--- START ---
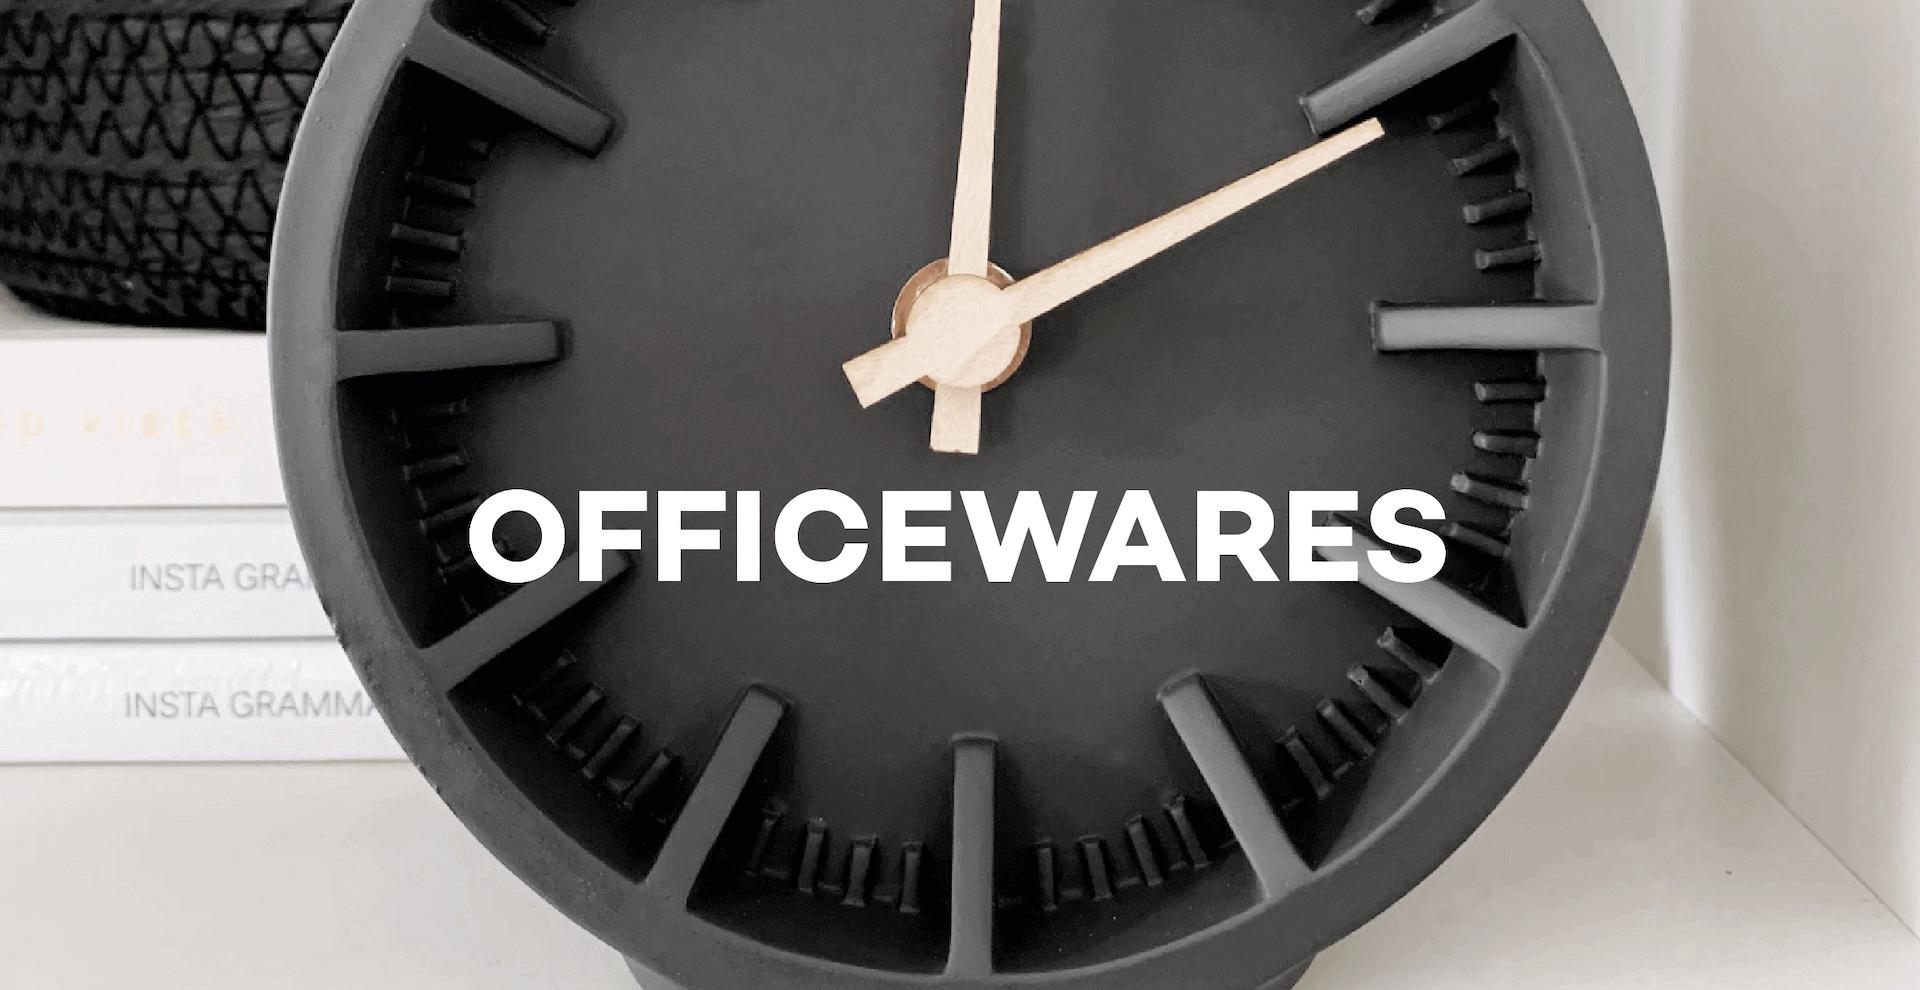 Officewares-Banner-1_resized2
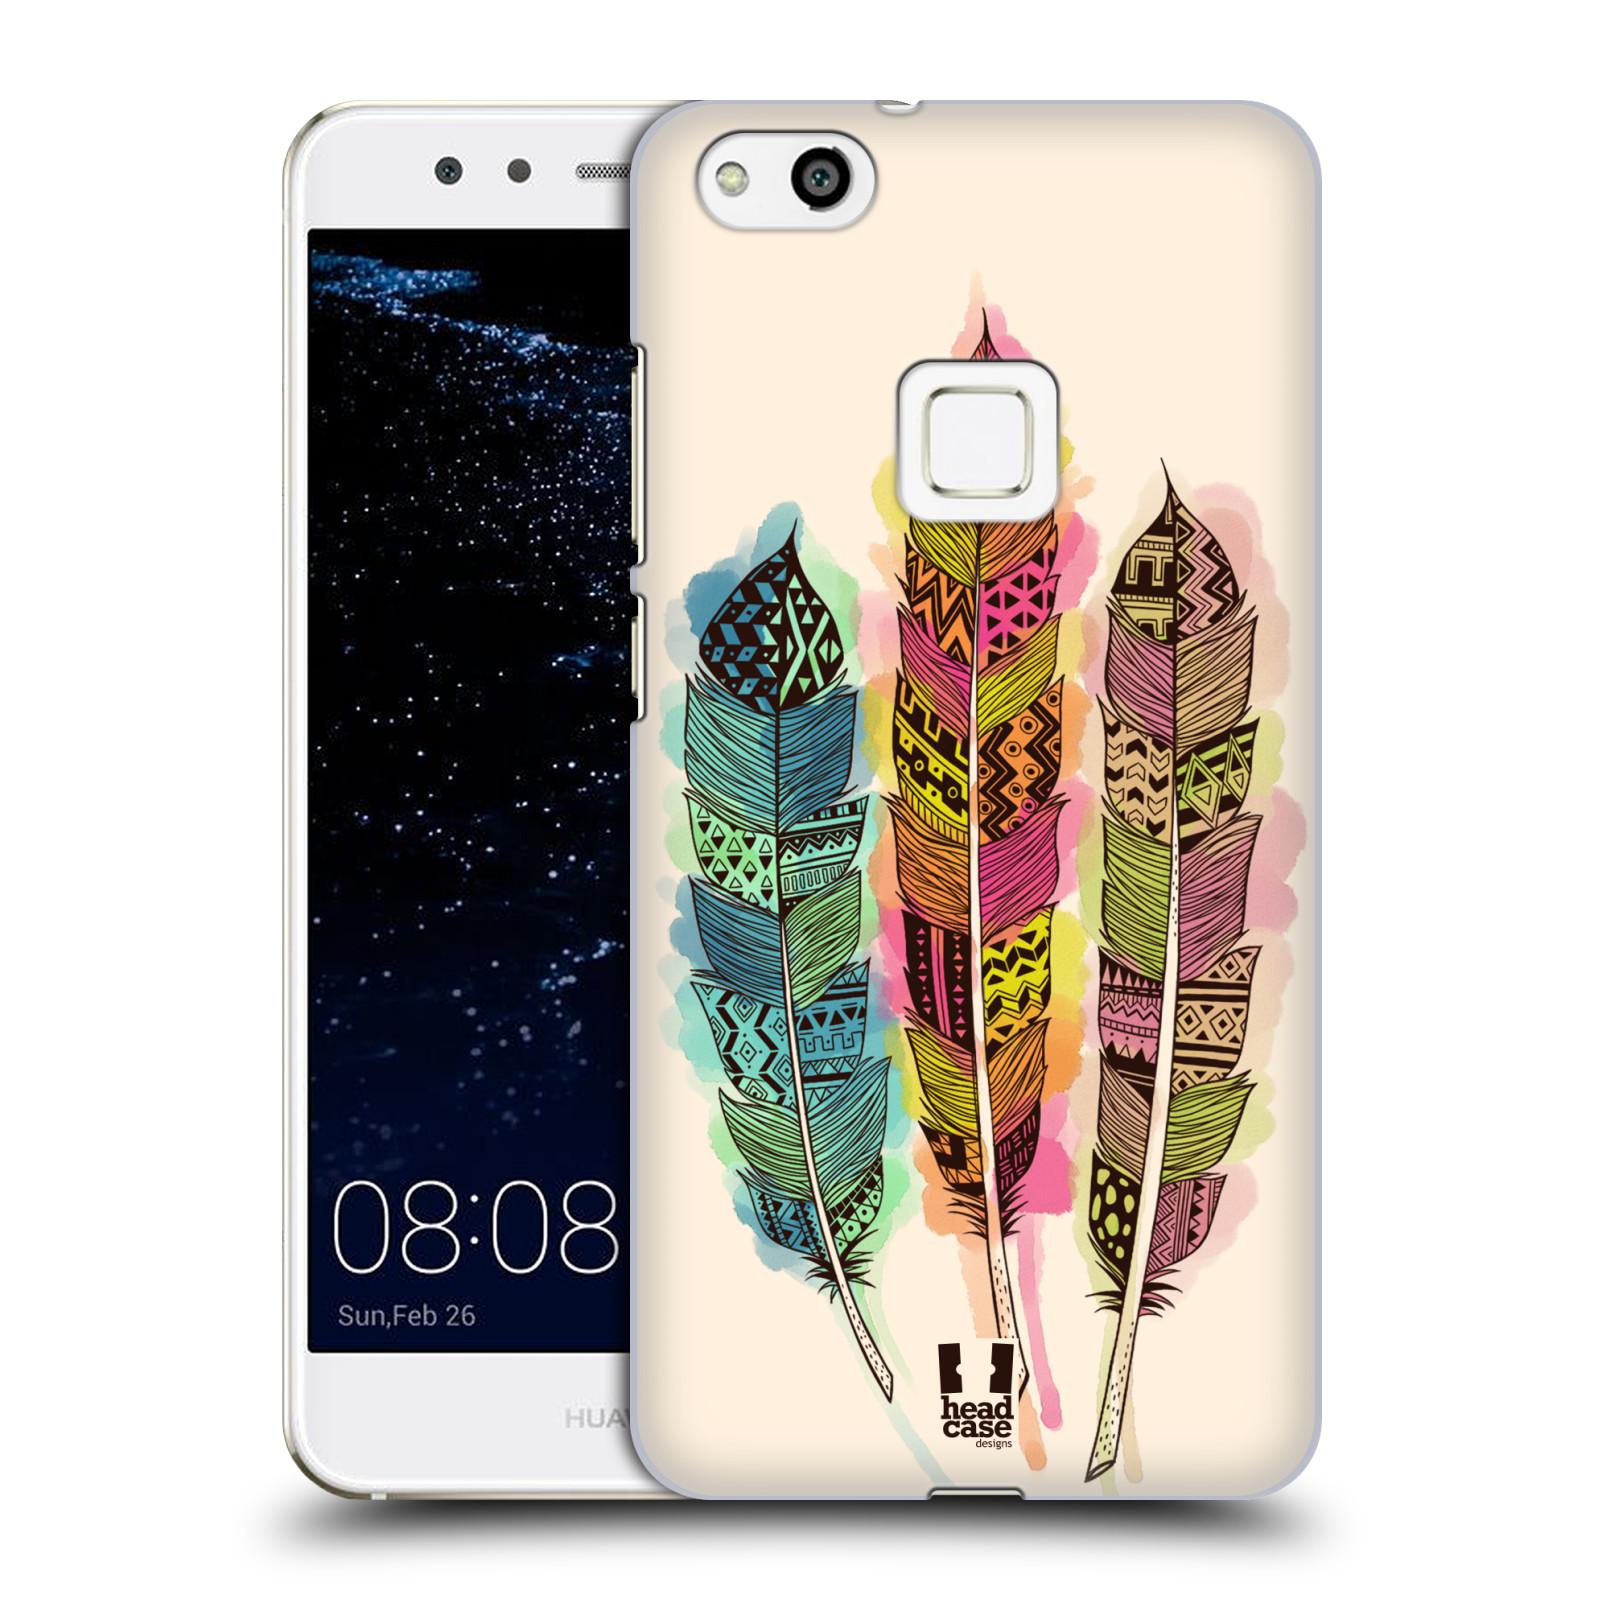 Plastové pouzdro na mobil Huawei P10 Lite Head Case - AZTEC PÍRKA SPLASH (Plastový kryt či obal na mobilní telefon Huawei P10 Lite Dual SIM (LX1/LX1A))
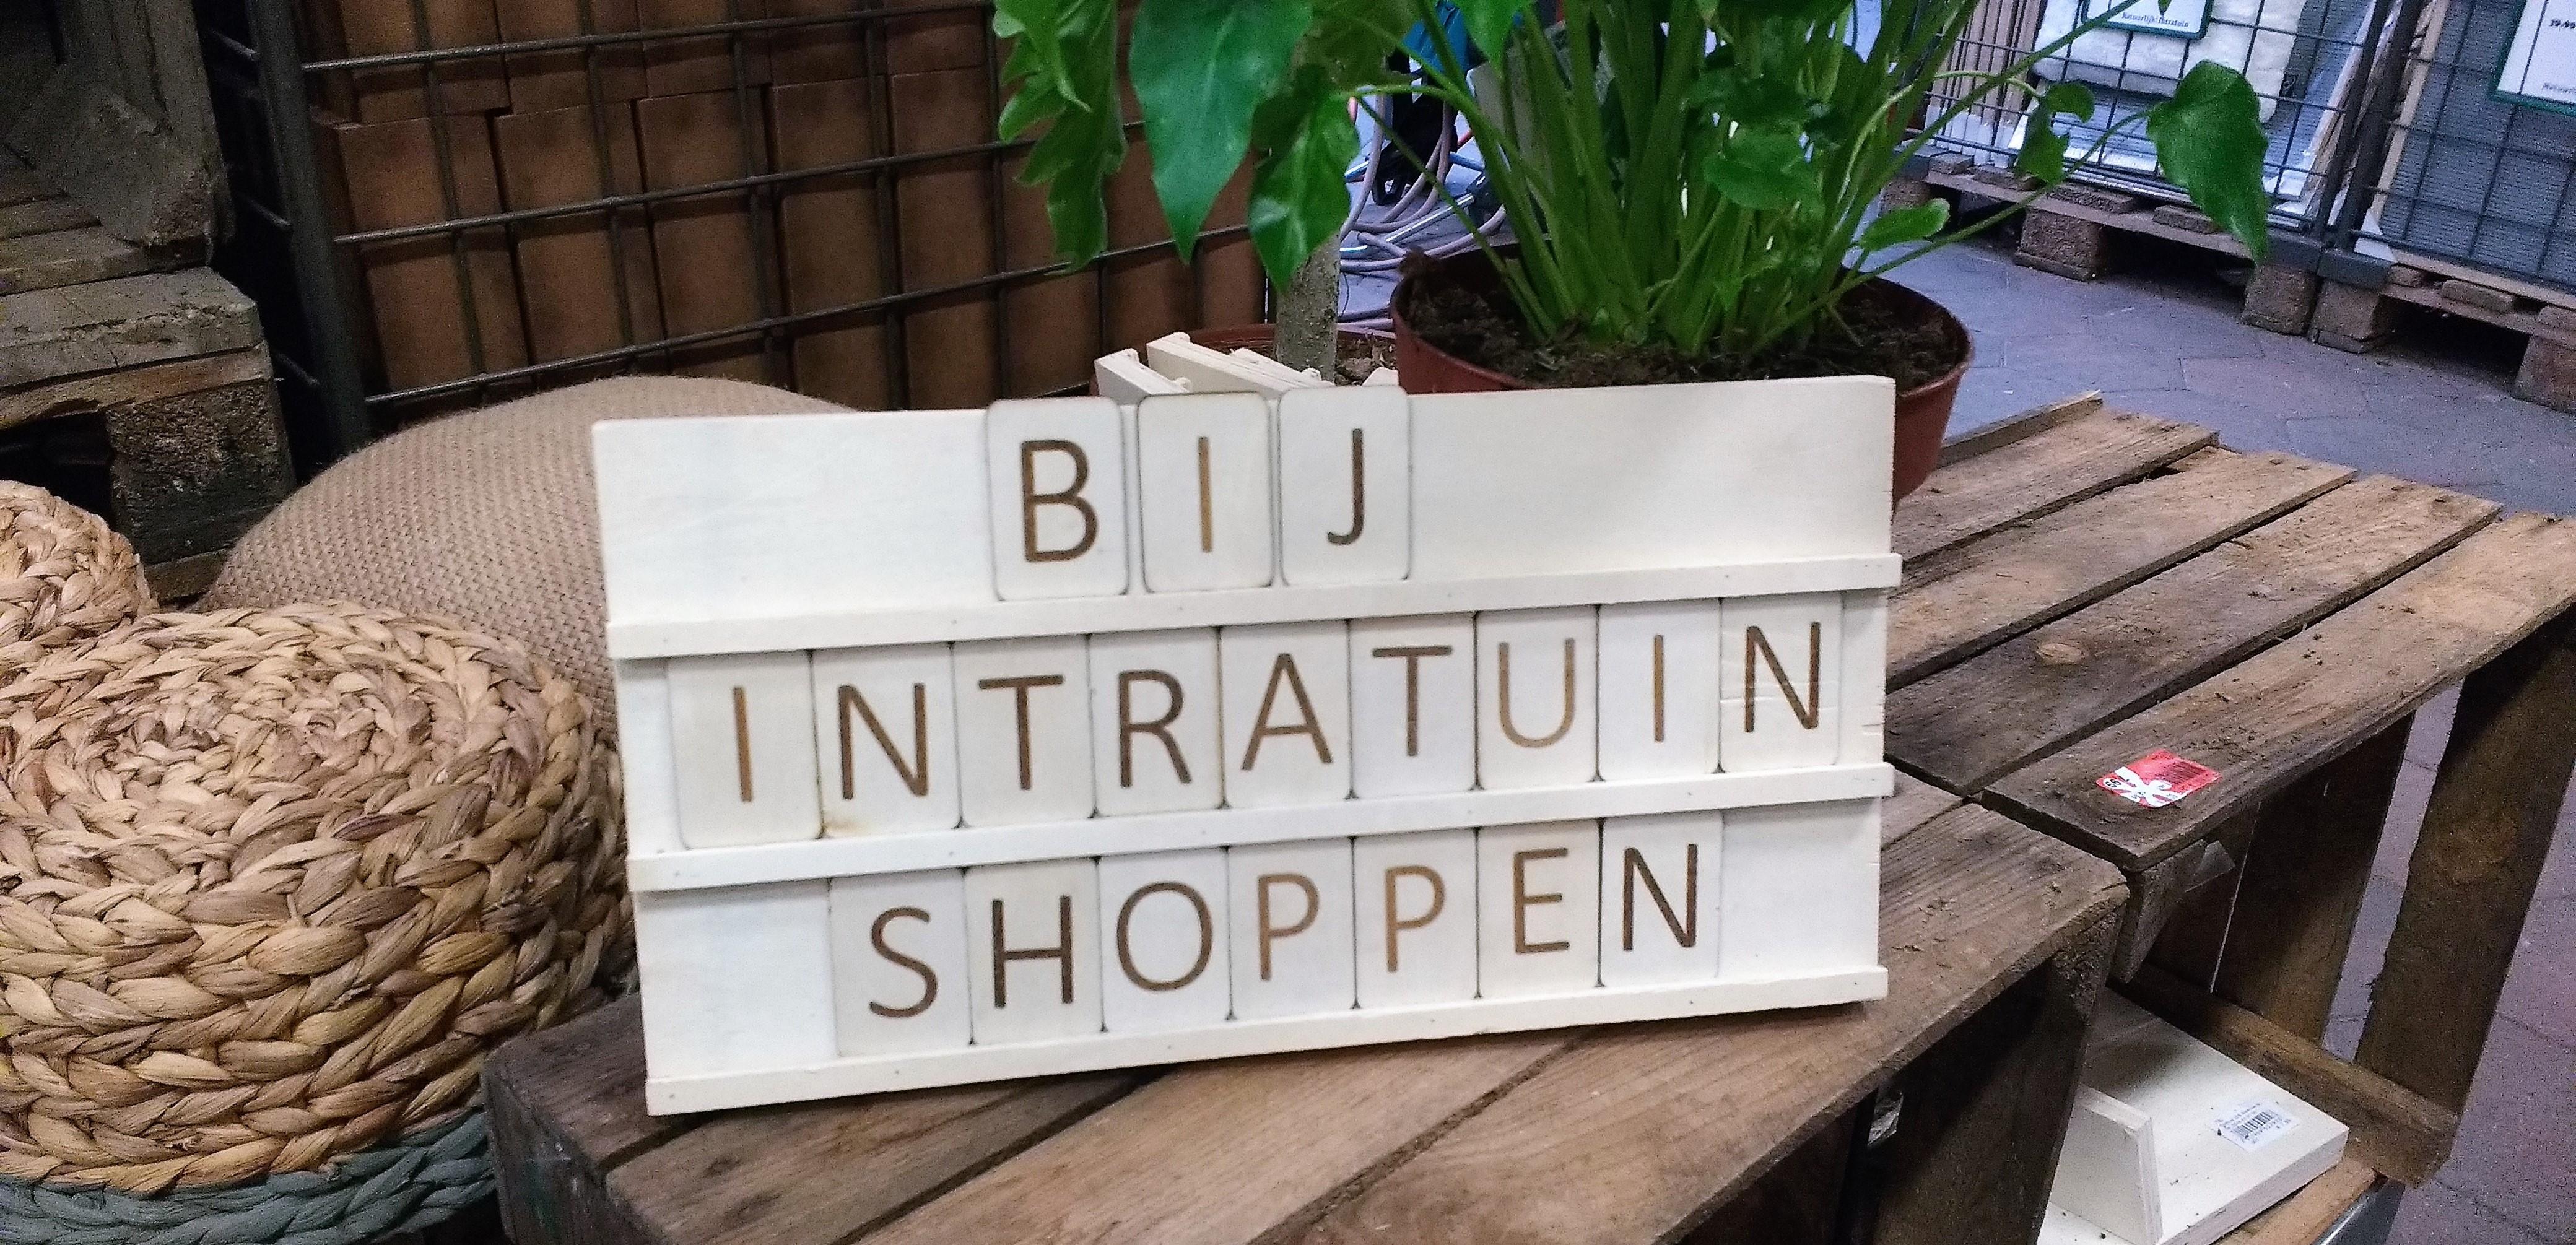 intratuin, shoppen, inspiratie, interieur, wonen, blog, lifestyleblog, mamablog, mamalifestyle blog, la log.nl
--- END ---
* _What is required_
Copy word for word every line from the start of the material through the line holding "Plastové pouzdro na". The pictures are not part of the copy.

* _Solution to the problem_
 Officewares-Banner-1_resized2
 Plastové pouzdro na mobil Huawei P10 Lite Head Case - AZTEC PÍRKA SPLASH (Plastový kryt či obal na mobilní telefon Huawei P10 Lite Dual SIM (LX1/LX1A))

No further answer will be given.